Report: Major Swedish Bank Under U.S. Investigation For Suspicious Russian Money Transfers

Sweden's public broadcaster has reported that U.S. regulators are investigating one of the Scandinavian country's largest banks for suspicious financial transactions involving the Russian weapons manufacturer Kalashnikov.

SVT said in a report published on November 20 that one of Kalashnikov's major shareholders, a Russian oligarch named Iskander Makhmudov, may have channeled more than 1 million euros ($1.1 million) to counterparts at a U.S.-registered affiliate called Kalashnikov USA.

The transfers were handled by an Estonian unit of Swedbank, according to SVT. They allegedly occurred after 2014, when the United States imposed financial sanctions on several major Russian state-owned companies in response to Moscow's annexation of Ukraine's Crimea Peninsula.

U.S. regulators are now looking at whether Swedbank's handling of the transactions violated those sanctions, SVT said.

In February, SVT investigative reporters published an internal report that explored other money-laundering allegations against Swedbank.
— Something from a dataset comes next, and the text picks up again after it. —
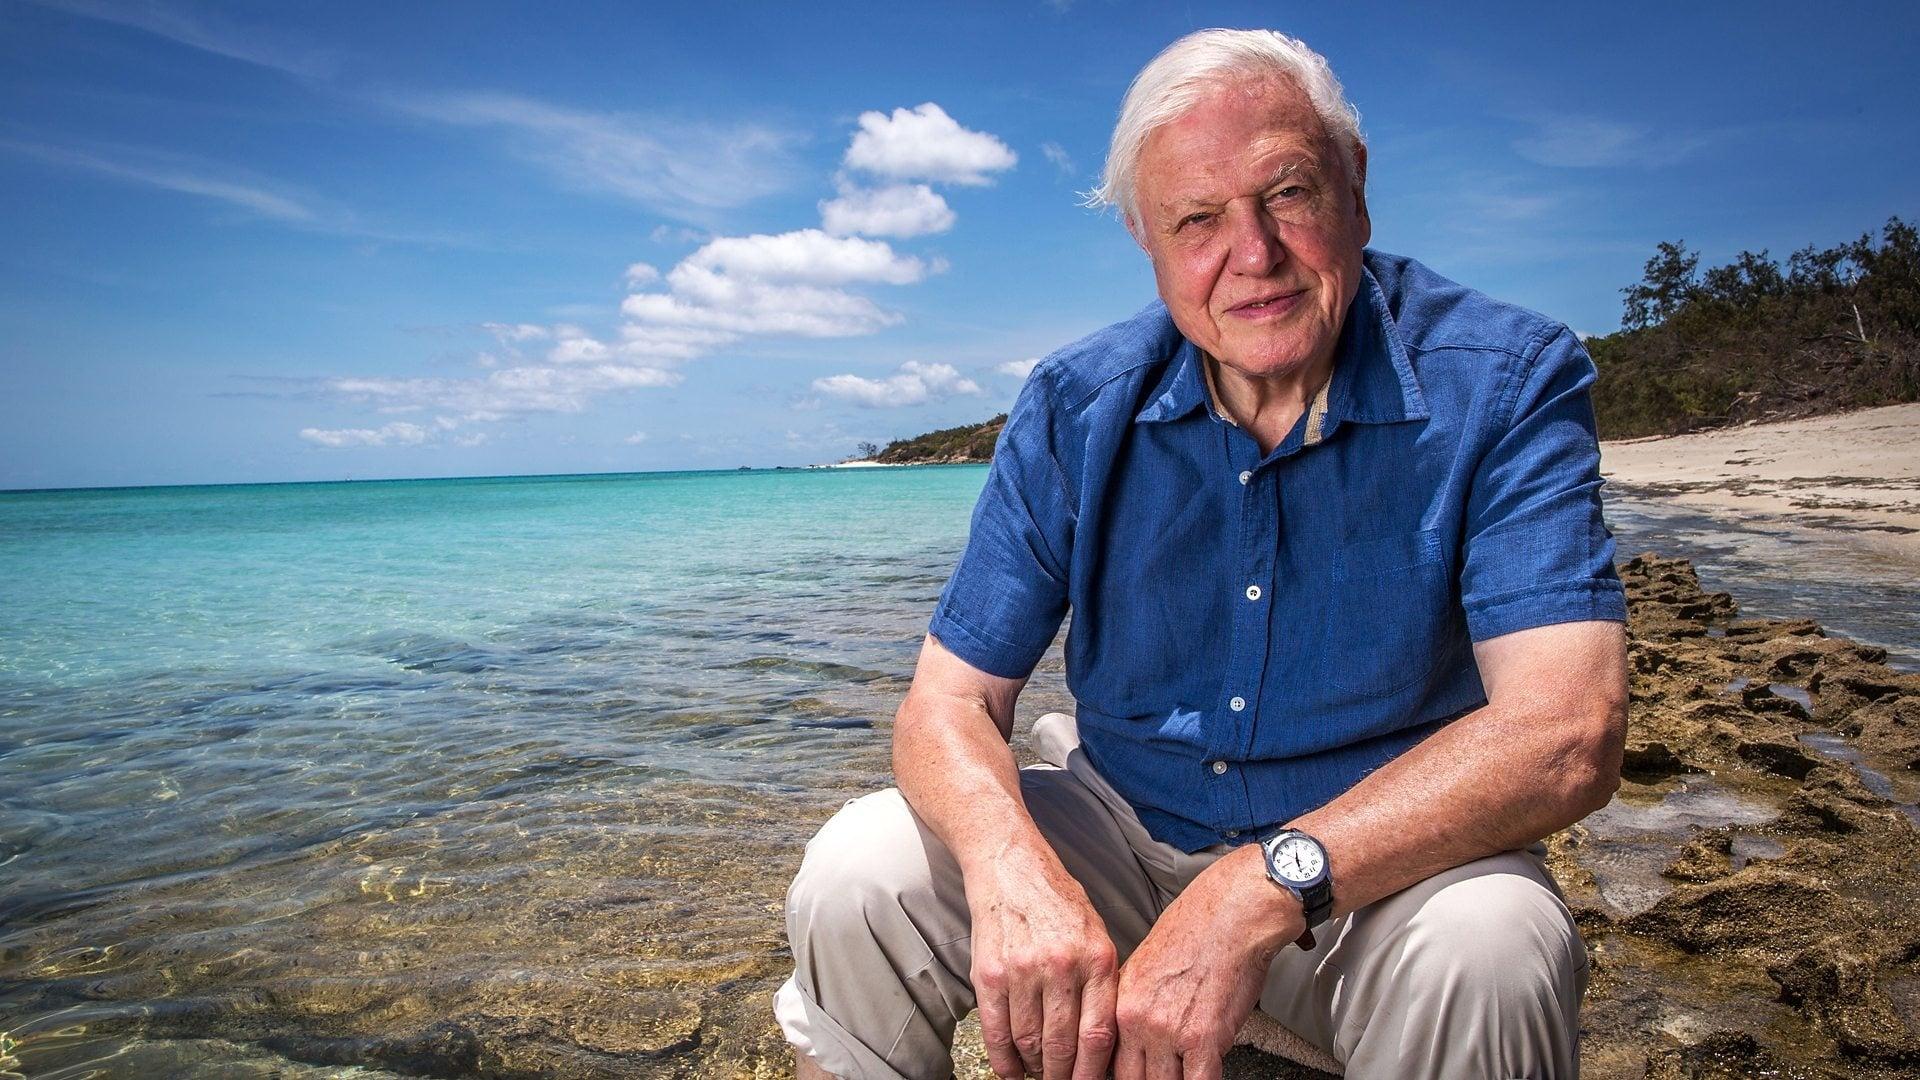 Great Barrier Reef with David Attenborough backdrop

Those revelations led to the firing of the bank's chief executive and the departure of its chairman and members of the board.

Meanwhile, an internal Swedbank report has allegedly uncovered millions of dollars in suspicious transactions involving Mikhail Abyzov, a former Russian government official who used to be in charge of trying to make the Russian government more transparent.

Appointed in 2012 by then-President Dmitry Medvedev as a top adviser, Abyzov was arrested in Russia earlier this year and charged with embezzlement and related charges.

Abyzov used a network of offshore companies to move nearly $800 million, primarily through Swedbank accounts, according to the report obtained by SVT and the Organized Crime & Corruption Reporting Project (OCCRP).

The report was the result of an internal investigation by Swedbank into the bank's Estonian subsidiary.

Abyzov's Swedbank accounts were closed by Swedbank in 2017.

According to OCCRP, one manager at a Swedbank Estonian affiliate was in charge of many of the Abyzov transactions. Immediately after the manager quit at Swedbank, he became the head of a company in Cyprus owned by Abyzov, OCCRP said.

The reports are the latest to highlight the role of major European banks, and their Baltic units in particular, that allegedly handled large volumes of suspicious money transfers, much of which originated in Russia.

Denmark's largest lender, Danske Bank, is under investigation in several countries, including the United States, Denmark, Britain and Estonia, over suspicious payments totaling 200 billion euros ($220 billion).